Sharing below if anyone is interested and/or want to give some feedback
(warning, this is probably full of bash-ism/gnu-ism).

Which leads me to my actual question:
I wanted to use diff-tree in --stdin mode (instead of calling it
repeatedly in a loop), feeding it my target branch and
the list of relevant commits, but apparently --merge-base and --stdin
are mutually exclusive. What's the reason for that ?
I suppose it's related to the 3 possible line forms diff-tree accepts in
--stdin mode, but I didn't find a spelled out explanation in the
original thread implementing --merge-base [1].

Is there another alternative for computing the patches ids of branches
in that way ? A '%(mergebase)' token for git for-each-ref would also
work, but there is no such thing either that I know of. 

(Of course, the script as such runs ~reasonably~ well, but it does spend
95% of it's time waiting for subprocess, which bugs me a little^^)

Thanks for reading me !

[1]: https://lore.kernel.org/git/cover.1599332861.git.liu.denton@xxxxxxxxx/

---

#!/bin/bash
# $1 : target ref (in which we search for squashed branches)
# (default: upstream/HEAD)
# ${@:2} (all scripts args after the first one): git for-each-ref
# patterns for refs candidates for squash-merge detection
# (default: refs/{remotes/origin,heads}/}

declare -A commit_by_patch_ids
oldest_merge_base=${1-upstream/HEAD}
ref_patterns=${@:2}
ref_patterns=${ref_patterns:-refs/remotes/origin/ refs/heads/}

for ref in $(git for-each-ref ${ref_patterns} \
                --format='%(objectname)' \
                --no-merged=${1-upstream/HEAD} )
do
  patch_id=( $(git diff-tree -p --merge-base ${1-upstream/HEAD} $ref \
              | git patch-id --stable) )
  commit_by_patch_ids[$patch_id[0]]=$ref
  # Caveat:
  # It's possible for different commit to have the save patch-id
  # (for instance on a feature branch do: git checkout feature;git branch
  # old;git rebase main -> old and feature would probably have the same
  # patch-id, if I understand this correctly)
  # proper treatment of this would need to use array of commits by
  # patch-id, but bash does not support multidimensional arrays.

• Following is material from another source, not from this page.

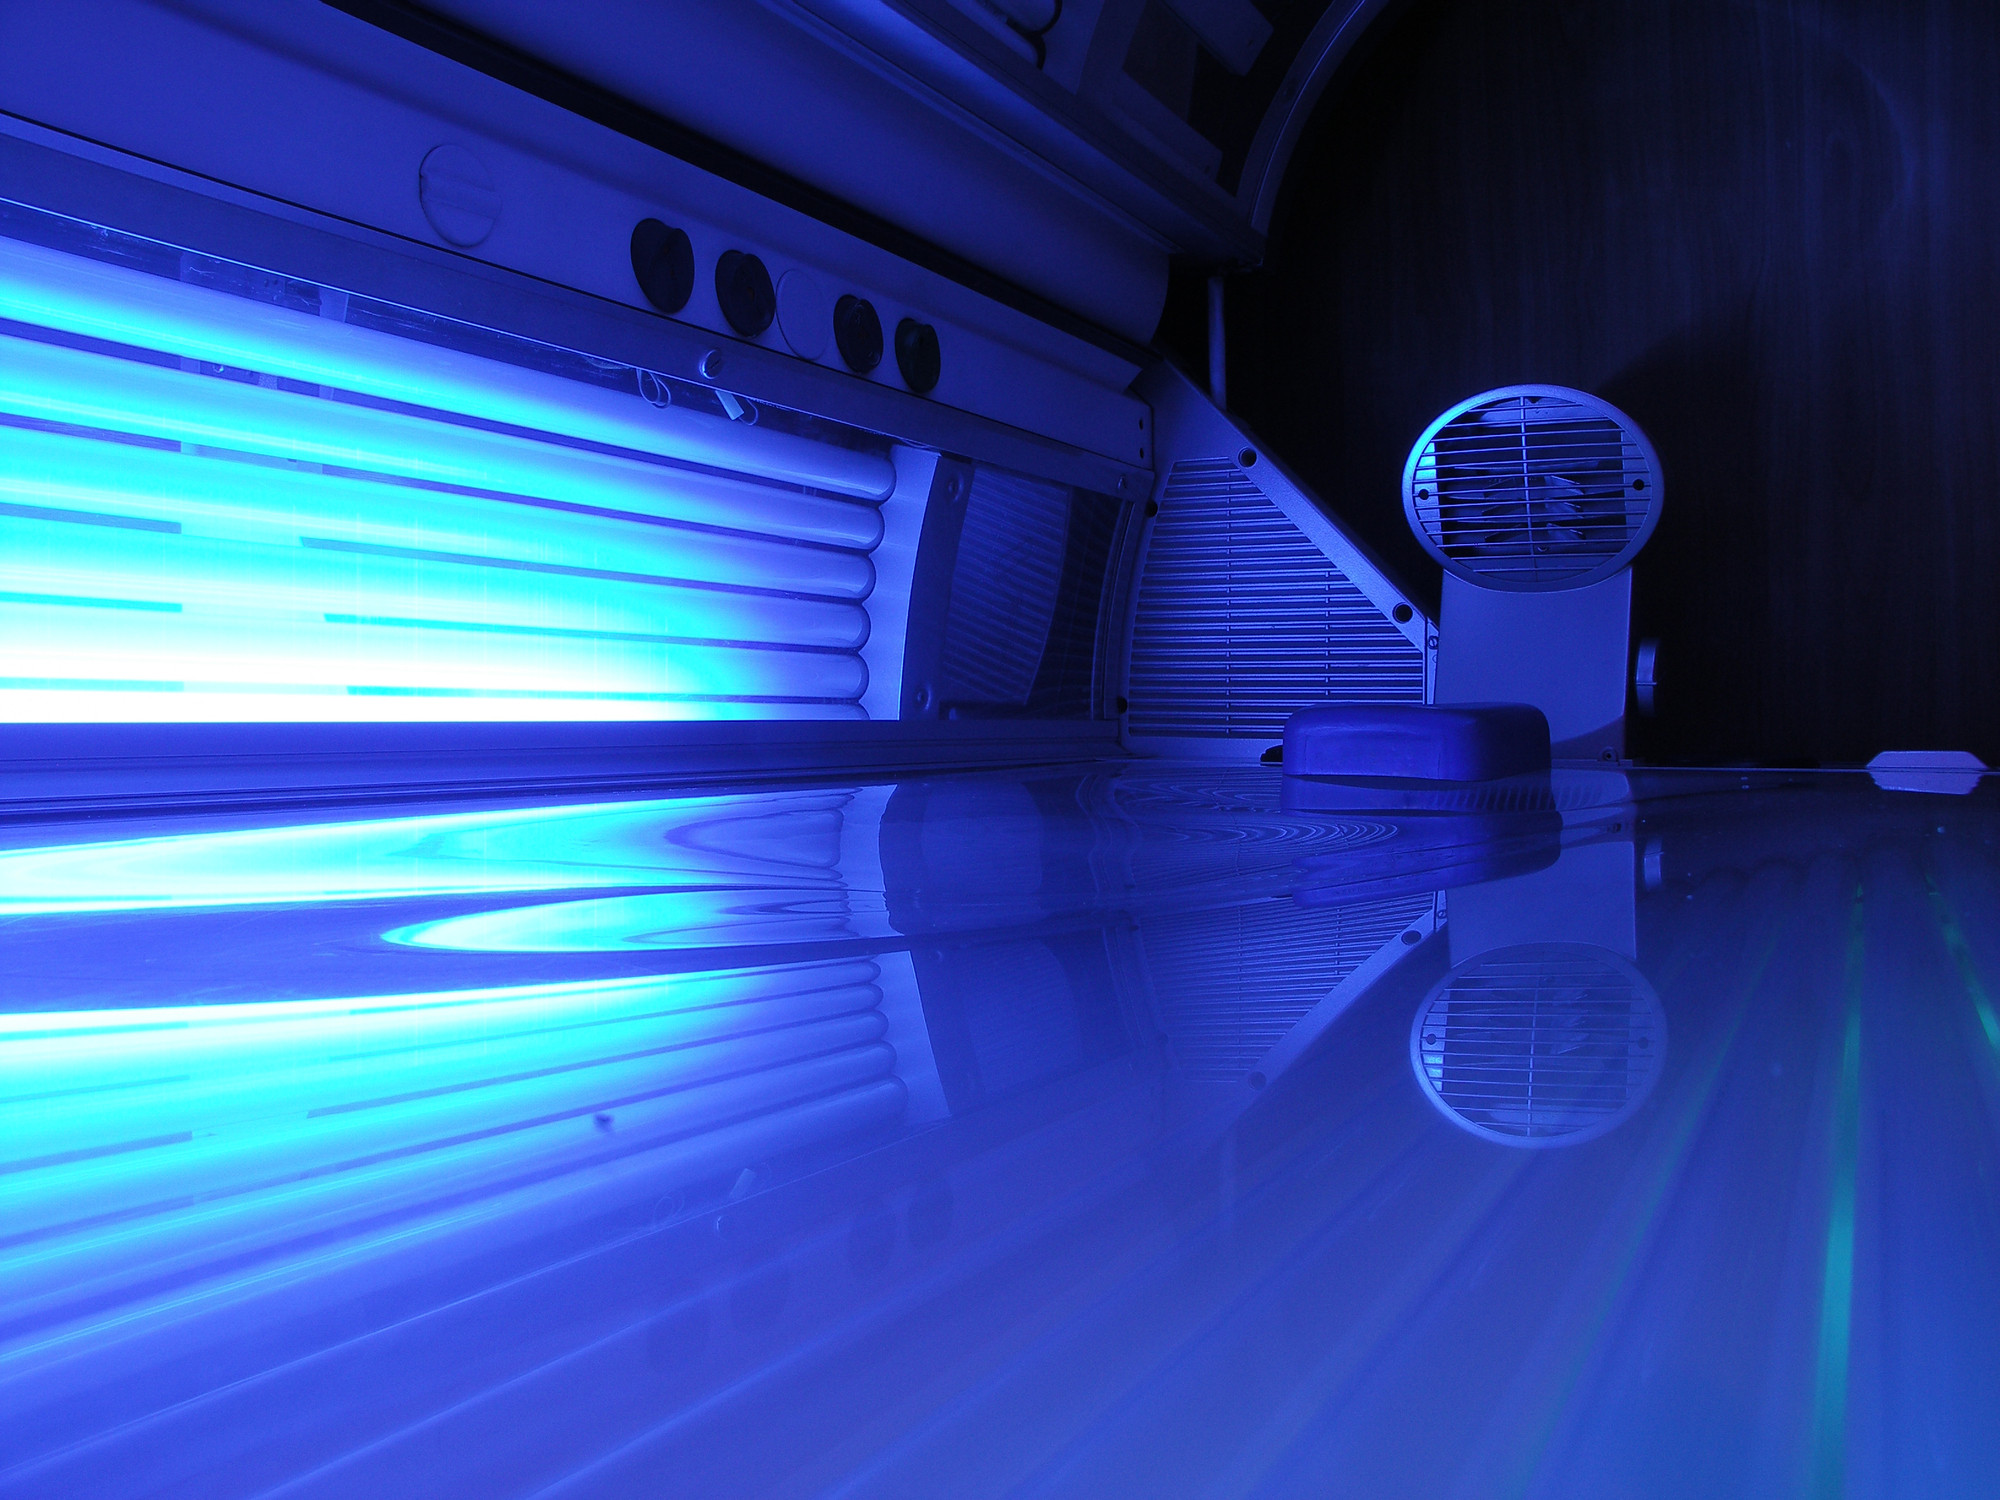 A person tanning nude in a tanning bed

  # Check oldest commit we will need to go back to when checking if a
  # patch-id exist in the source branch.
  # This assumes that branches are not squash-merged before their fork
  # point.  This avoids going back all the way to the first commit,
  # which can be prohibitively expensive on repository with a long
  # history (e.g, linux kernel tree takes 13 minutes on a recent machine
  # for git log -p | git patch-id)
  oldest_merge_base=$(git merge-base $oldest_merge_base $ref)
done

declare -a squashed
# Extract commits whose patch-id exist in the target branch.
#
for patch_id in $(git log -p ${oldest_merge_base}..${1-upstream/HEAD} \
                 | git patch-id --stable | cut -d ' ' -f 1)
do
    if [[ -n "${commit_by_patch_ids[$patch_id]+exists}" ]];then
        squashed+=("--points-at=${commit_by_patch_ids[$patch_id]}")
    fi
done

printf "%s\n" "$(git for-each-ref $ref_patterns \
                    --format='%(refname:short)' \
                    ${squashed[@]})"

-- 
Max Gautier